The year two thousand eight is one of special historical significance to the citizens of the United States. For the first time ever an African-American has been elected president. During the campaign leading up to Barack Obama’s victory on November 4th, a campaign race of hugely improbable proportions took place. In this marathon were many competitors including a man peering dangerously over the parapet of dotage, a first term mayor turned governor from Alaska that is neither elderly nor a man, and a seasoned senate veteran of foreign policy with the brightest smile anywhere. The marathon was often times characterized by criticism and support of many of the candidate’s financial decisions – most notably the refusal of public financing on part of the Democratic candidates. The manifestation of these fiscal decisions was nowhere more evident to American’s than on the television, where campaign advertisements flooded airways and living rooms. The voters this year were influenced, inspired, enraged, and enchanted by these advertisements; such was also the case in the 1950’s.

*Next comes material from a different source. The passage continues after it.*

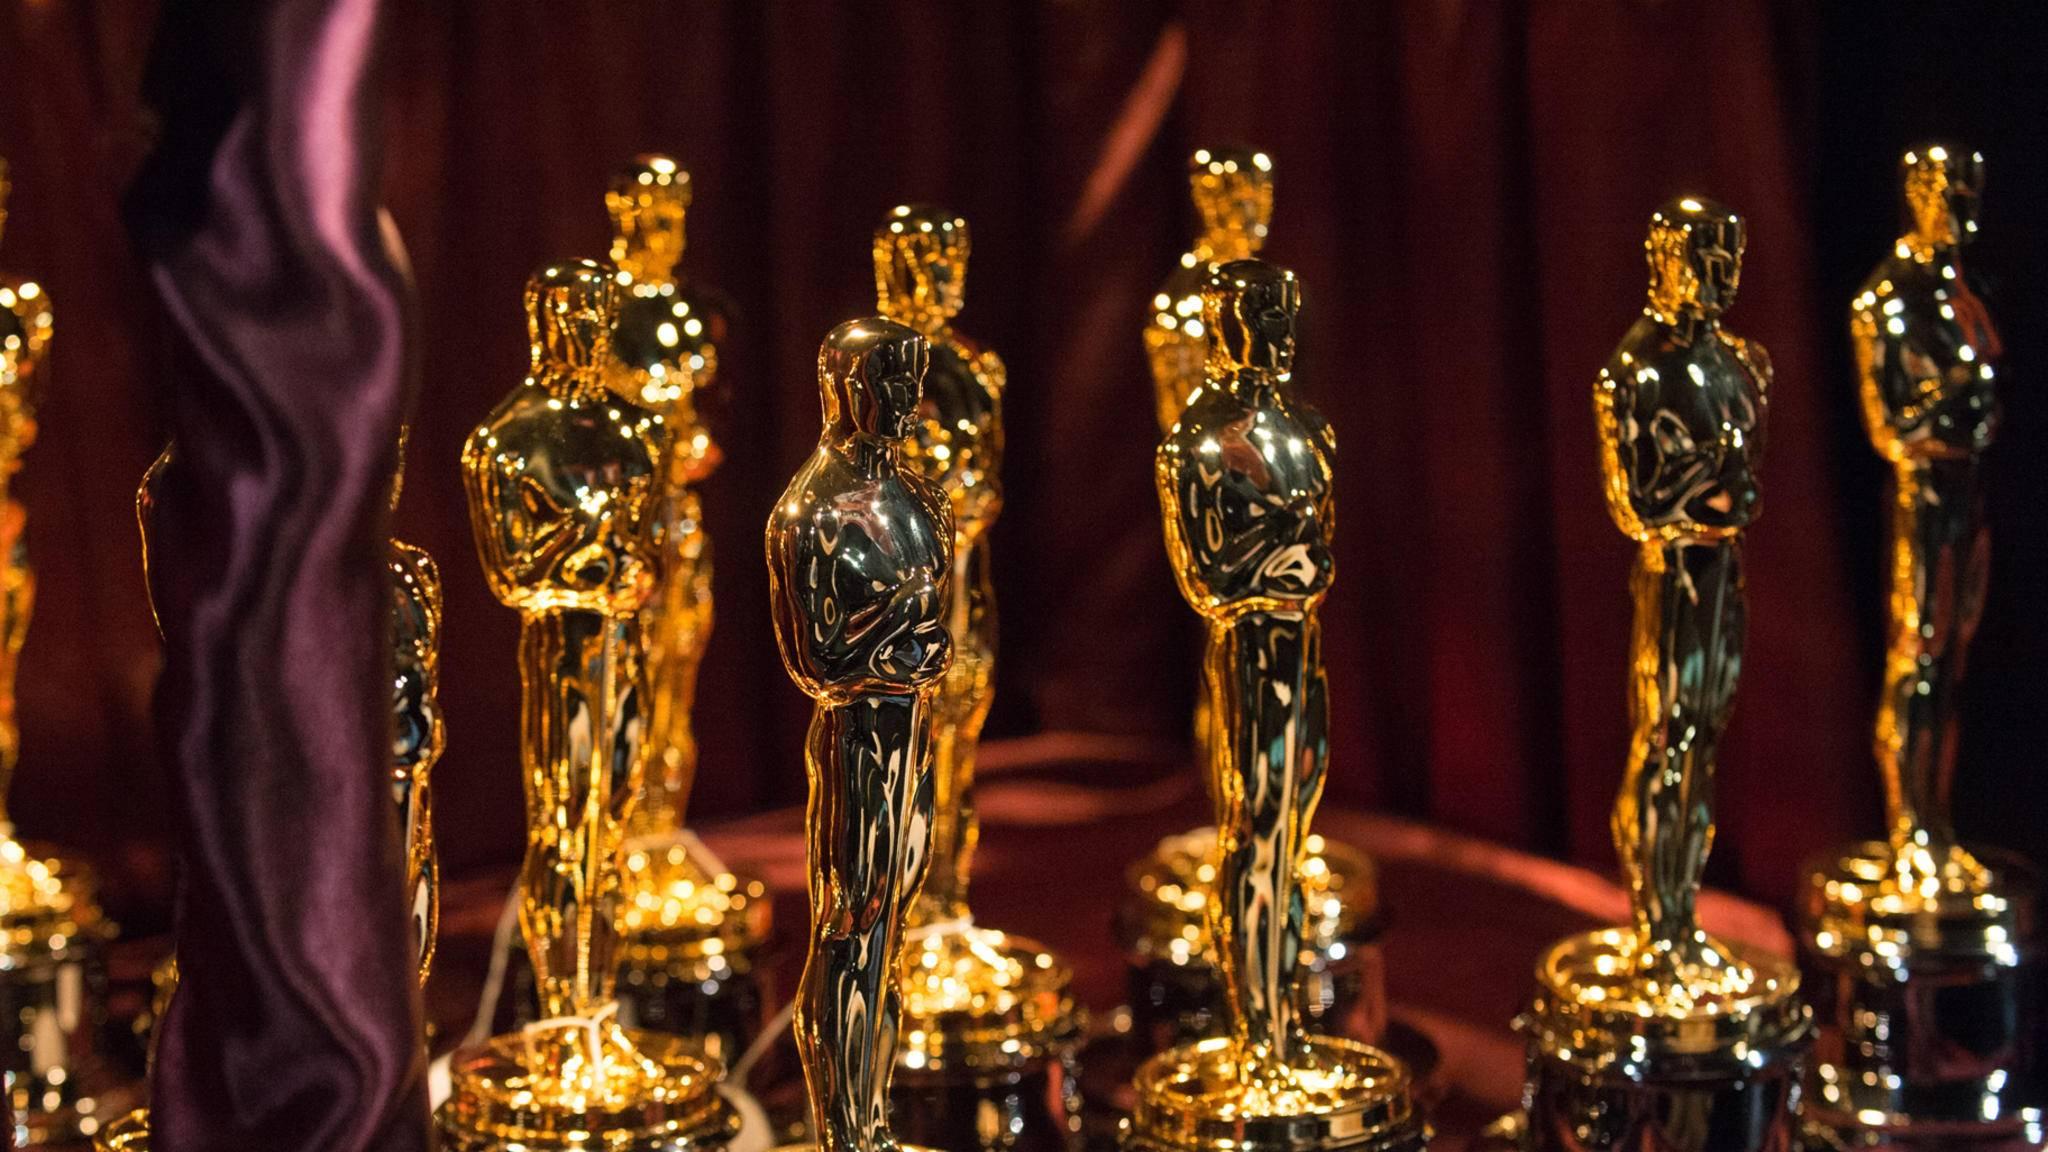 Die Academy hat kommendes Jahr zwei Monate mehr Zeit, die Oscars auf Hochglanz zu polieren.

Historians often times use the metaphor of a camera’s lens to apply knowledge of yesterday to understand today. By looking at today’s election, through a camera’s lens manufactured of the glass elements of the 1950’s, one is better equipped to understand the nature of American politics on television.
The 1950’s were a decade of peace and prosperity for the United States. They came to personify the tireless American spirit in a world recovering from one of the greatest travesties in recent history, World War II. Politically the 1950’s were an era of conservatism, for the election of Dwight D. Eisenhower in 1952 marked the first republican to take the White House since Herbert Hoover left office during the depression. The president wasn’t all that was changing in the fifties though, a culture of fear with a seemingly insatiable appetite for consumption cared about new things: technology, television. American’s were eager to be persuaded by the glitz and glamour, ready to consume. Harland Cleveland, executive editor of the Reporter commented, “we’re selling the president like toothpaste.” Do the campaign television advertisements of the elections of 1952 and 1956 reflect the gloss of American life during that era? This question is best understood from three points of view, or focal lengths. A zoom camera lens is able to look at subjects in three different ways: wide-angle, telephoto, and macro. Each of these lengths has a particular purpose photographically: landscapes, portraits, and details. Historically campaign advertisement can be studied in a similar fashion: the issues, the representation of each candidate, and the format. The issues provide a social and cultural context for the politics of the time, a wide-angle landscape. The representation of each candidate varies from advertisement to advertisement, but nevertheless portray a particular agenda or emotion, this is similar to a headshot portrait at a telephoto range. Thirdly, when the format of advertisements is examined, the macro details reveal a truly intuitive view inside American life in the 1950’s. Through a historical zoom lens, one will discover the sentiments of American life that are manifest in campaign advertisements.